Is it Unlawful to Collect or Store TCP/IP Log Data for Security Purposes?
It is a common and accepted practice for entities to collect, store, process and analyze log data. This log data includes the IP addresses of every person (computer) that accessed or attempted to access the network, the website or the process. These logs can be used to determine the source of attacks, the pattern of attacks and to provide and early warning about such attacks. Data analytics on such log data can not only identify sources of attacks, but also can be used to prevent future attacks—both at that institution and others.
But this activity raises two significant questions: Are IP addresses “personal data” under the EU General Data Protection Regulation (GDPR), and if so, can I collect, store and process them with or without the consent of the “data subject”—presumably the owner of the IP address? The answer (and you knew this already) is “it depends” and “it depends.”

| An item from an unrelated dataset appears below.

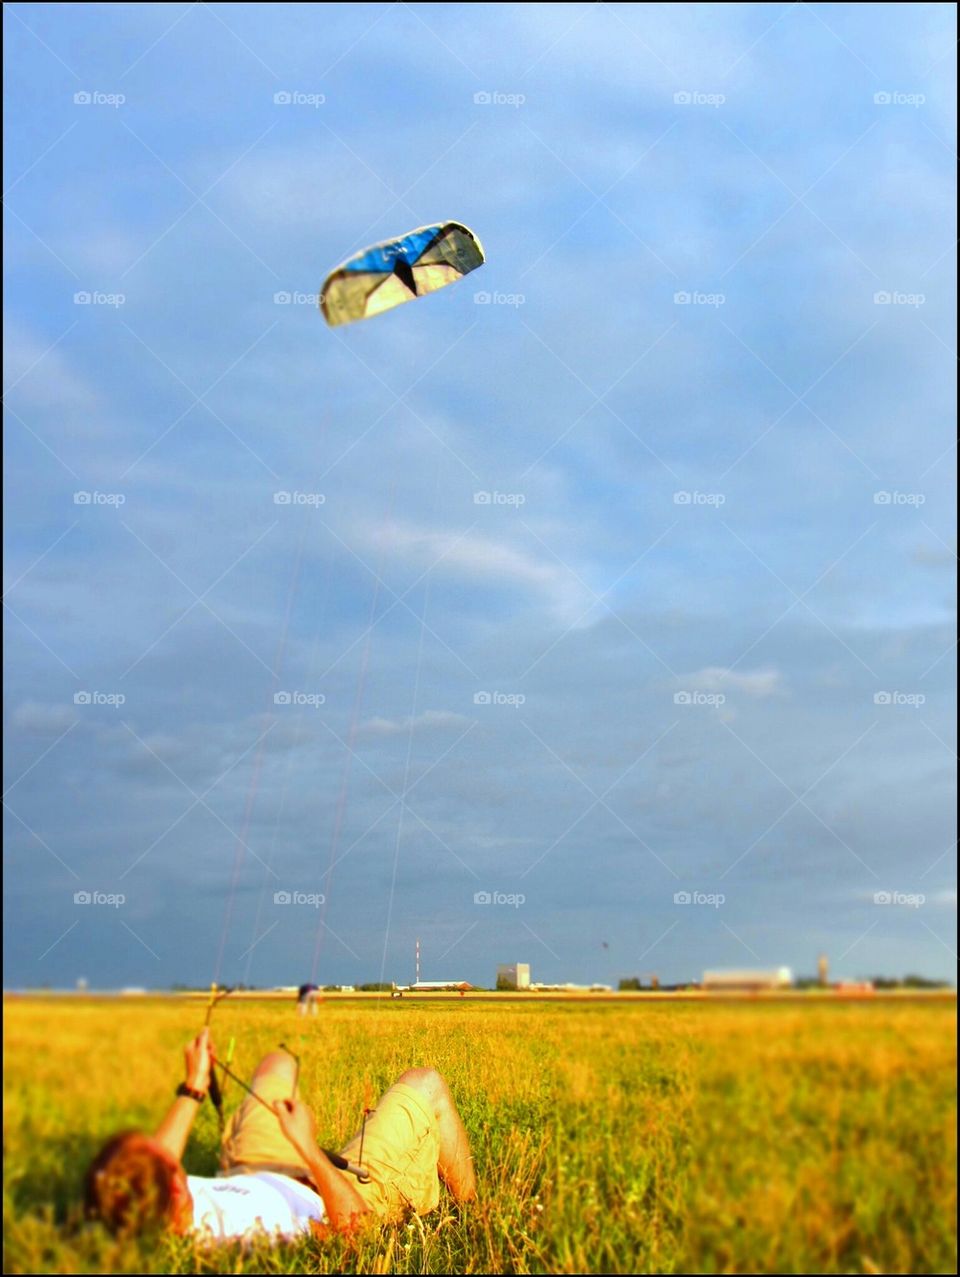 lets fly a kite

What is an IP Address Anyway?
“An Internet Protocol address (IP address) is a numerical label assigned to each device connected to a computer network that uses the Internet Protocol for communication. An IP address serves two principal functions: host or network interface identification and location addressing.” (Thank you, Wikipedia). First thing to note is that an IP address identifies (or can identify) a connected device, not the actual identity of the individual using that device. Second, the extent to which the IP address actually identifies a device may depend on whether the IP address is “static” (that is, that the device has a specific assigned IP address associated with it) or “dynamic” (that is, that the device is assigned a new IP address every time it connects to the internet.) Even if dynamic, it may depend on whether the IP address is reassigned for every session, and how long each session may last. The longer an IP address is associated with a device (even if dynamically assigned) the more that IP address is “associated” with that device.
Most corporate or other networks now use network address translation (NAT) in one form or another, so that the internal IP addresses associated with specific devices or activity are not viewable to the outside world. Think of it as a mailroom where you simply address mail to “ABC Company” and the mailroom figures out to whom within the company the mail is intended. (Remember mailrooms?)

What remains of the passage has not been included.